AIM OF THE EXERCISE
Strip out all images, then restate the data verbatim.

SOURCE DATA
★ ★ ★ ★
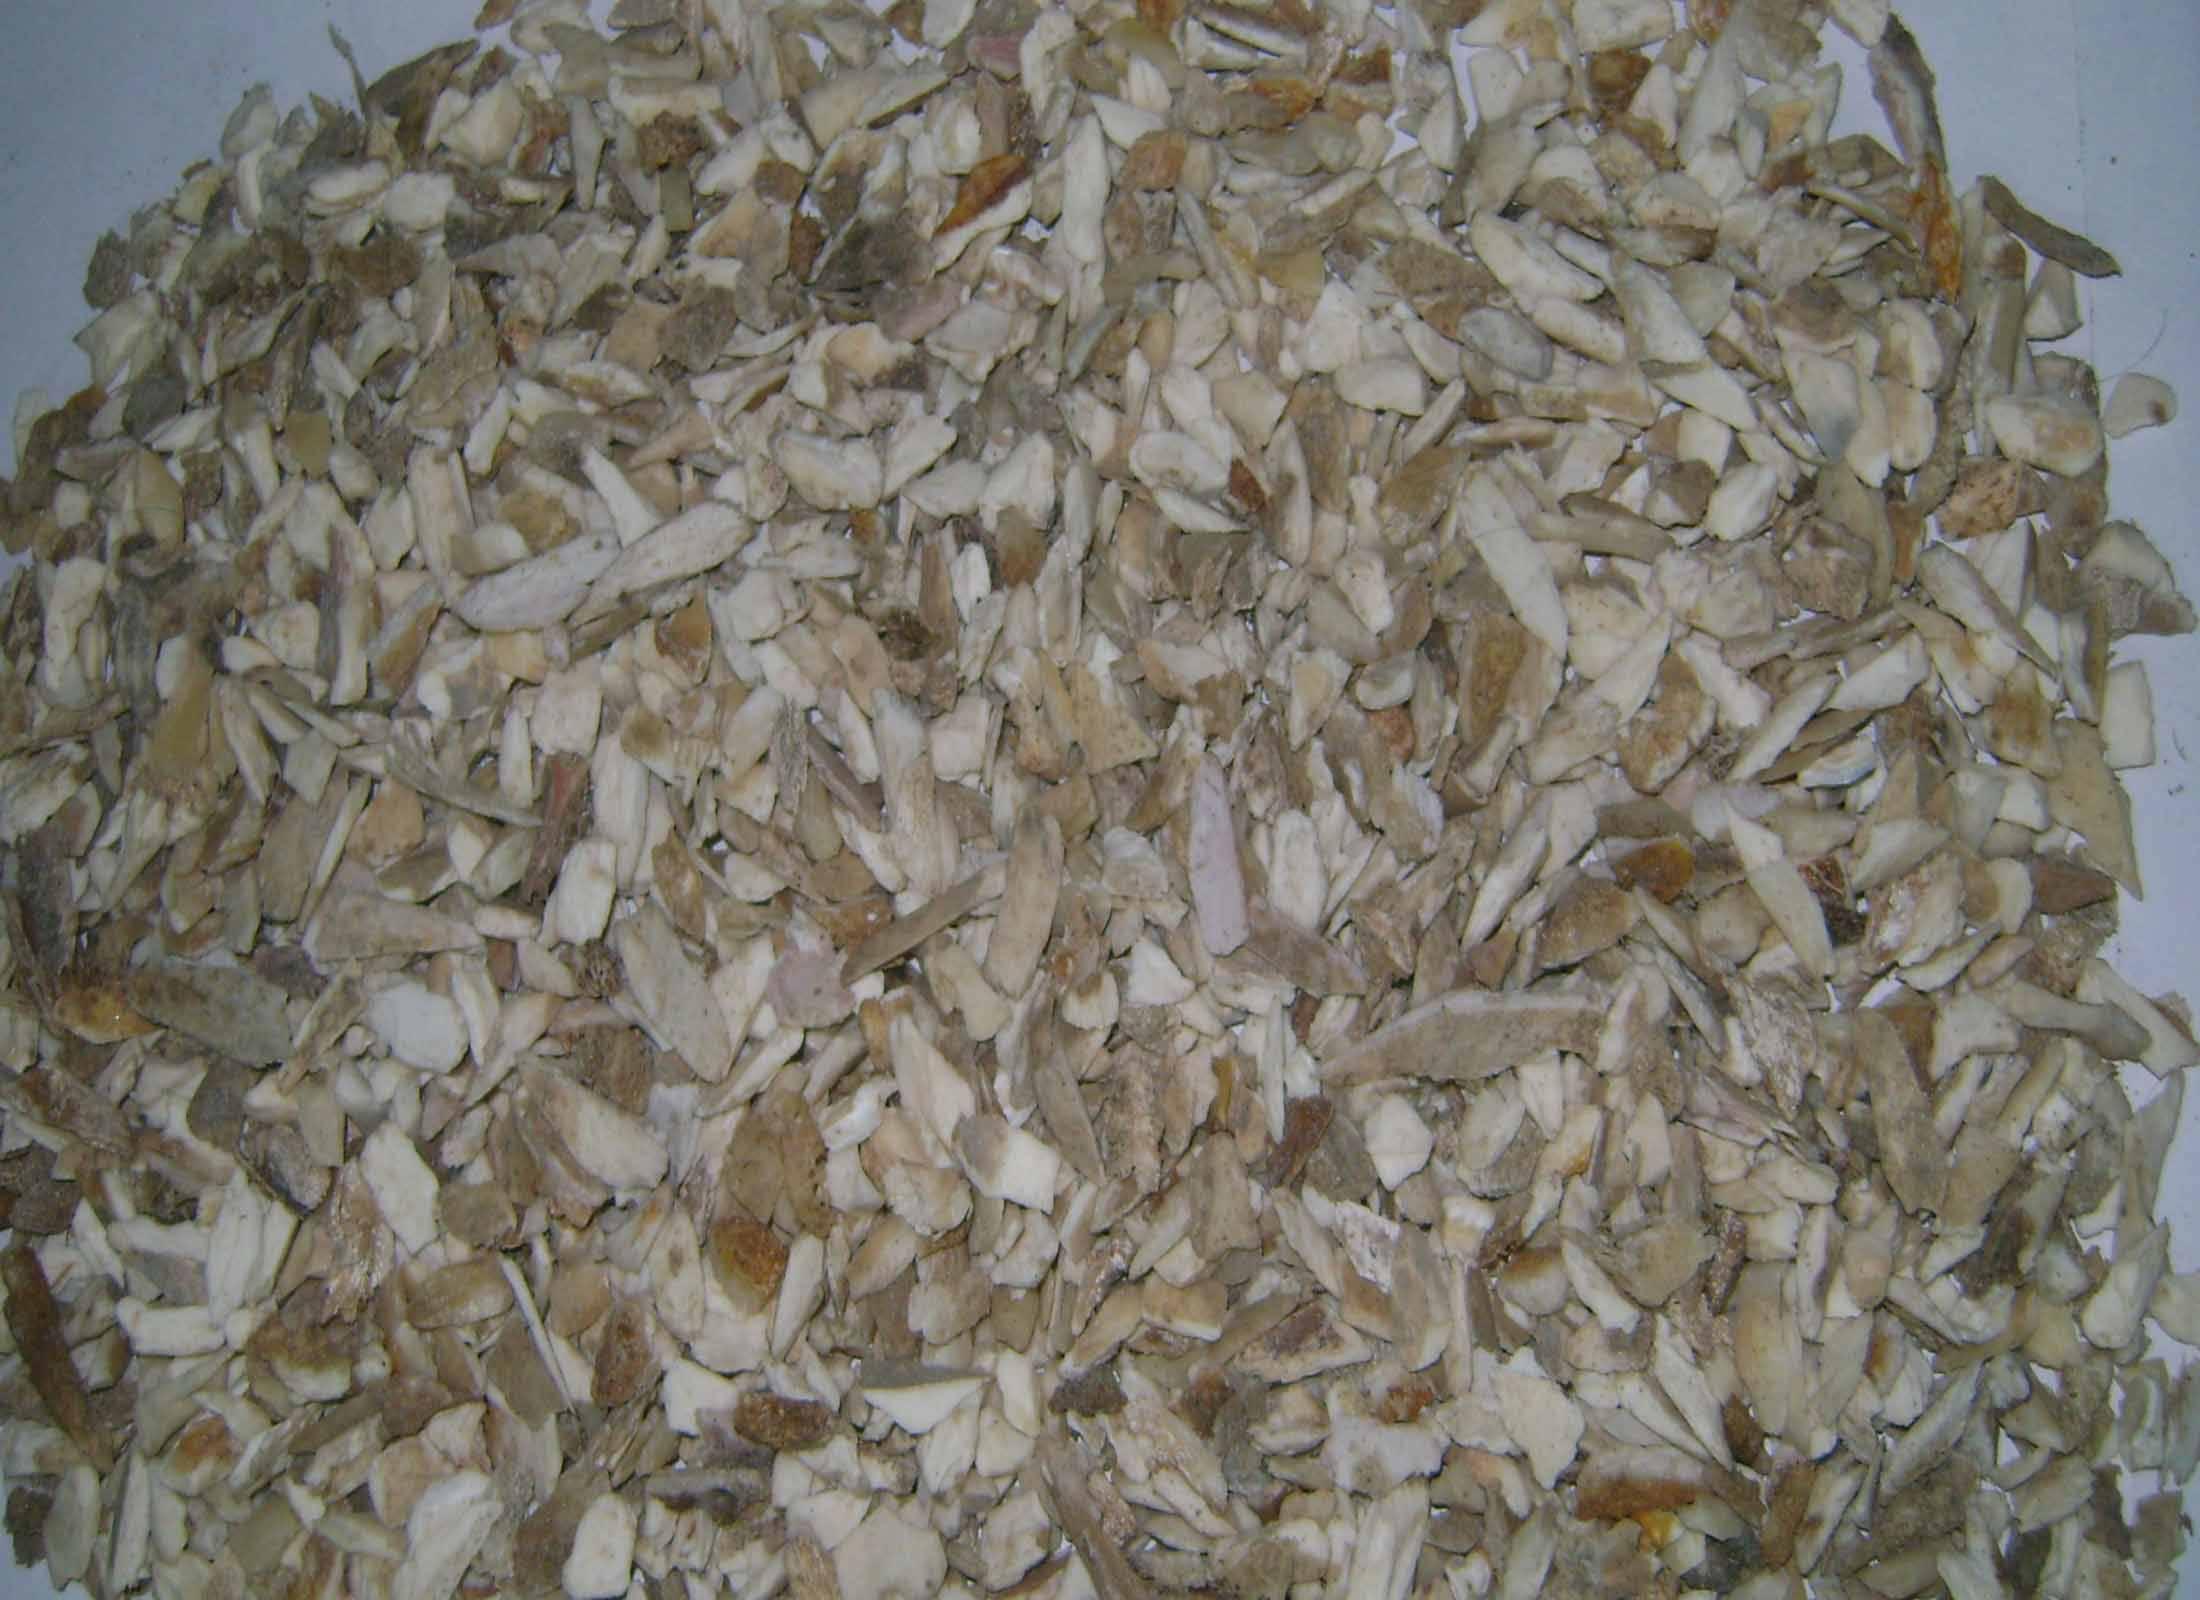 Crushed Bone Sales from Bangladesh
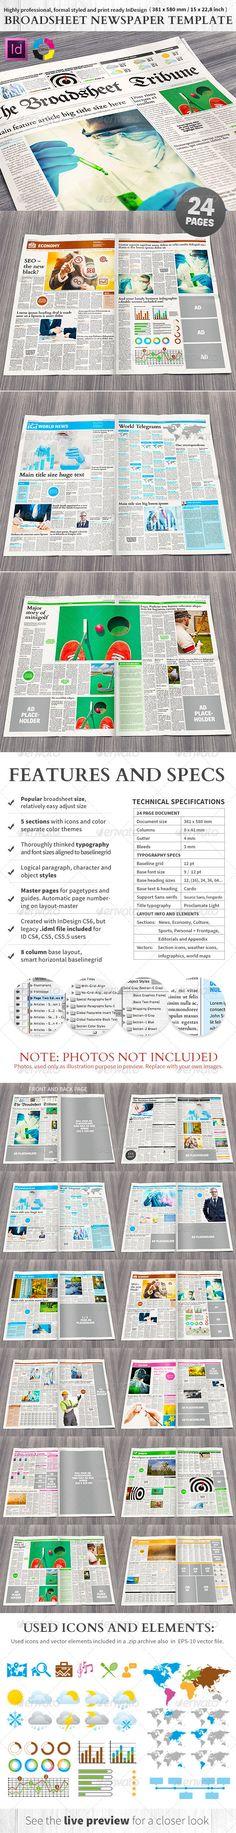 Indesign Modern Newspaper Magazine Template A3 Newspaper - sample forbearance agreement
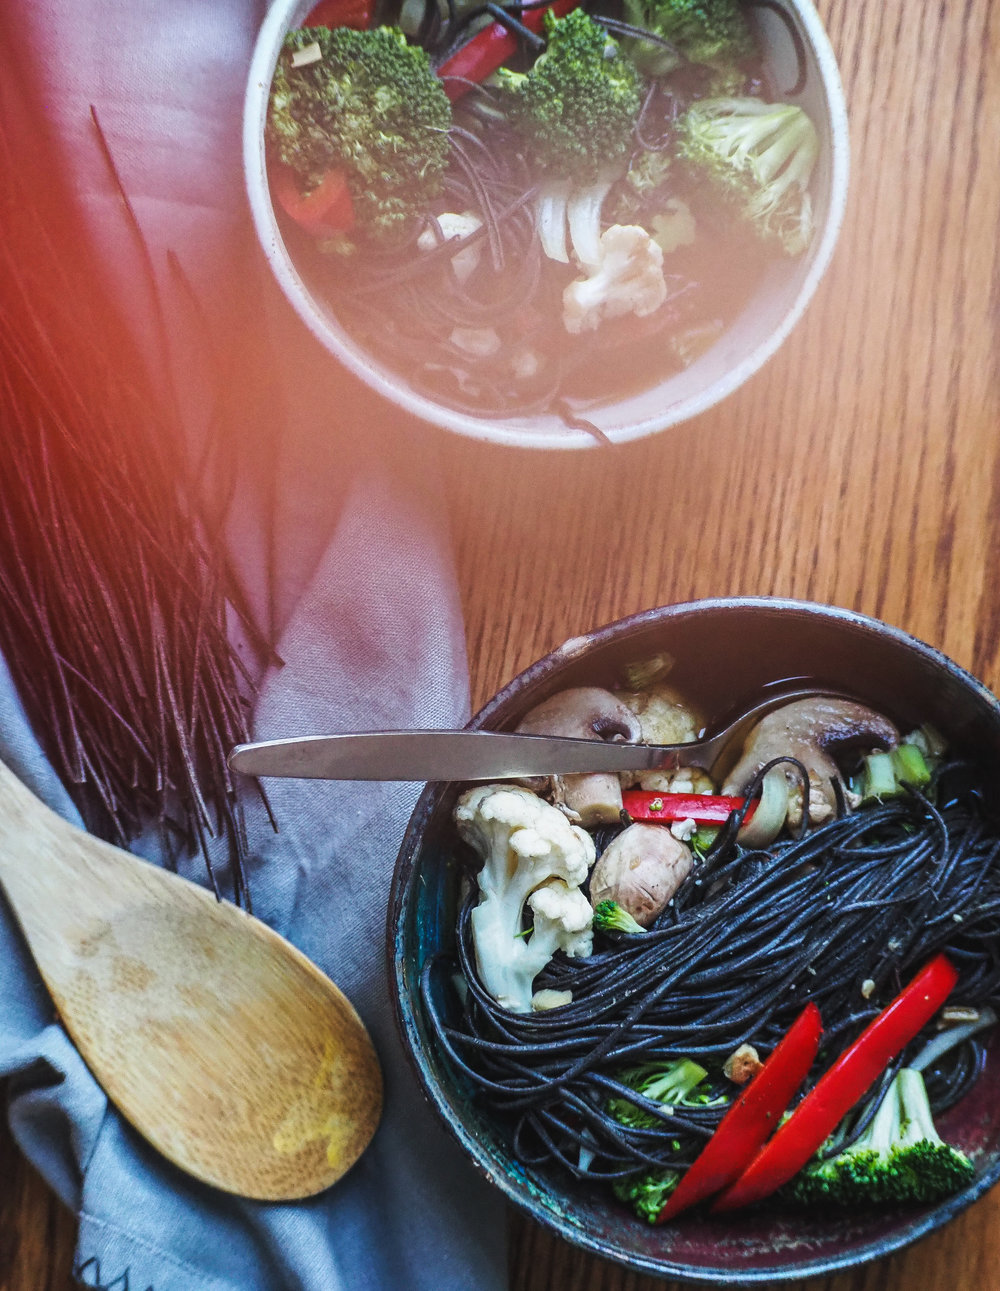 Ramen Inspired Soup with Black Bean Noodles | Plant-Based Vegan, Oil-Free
★ ★ ★ ★
ANSWER TO THE PROBLEM
 Crushed Bone Sales from Bangladesh
 Indesign Modern Newspaper Magazine Template A3 Newspaper - sample forbearance agreement
 Ramen Inspired Soup with Black Bean Noodles | Plant-Based Vegan, Oil-Free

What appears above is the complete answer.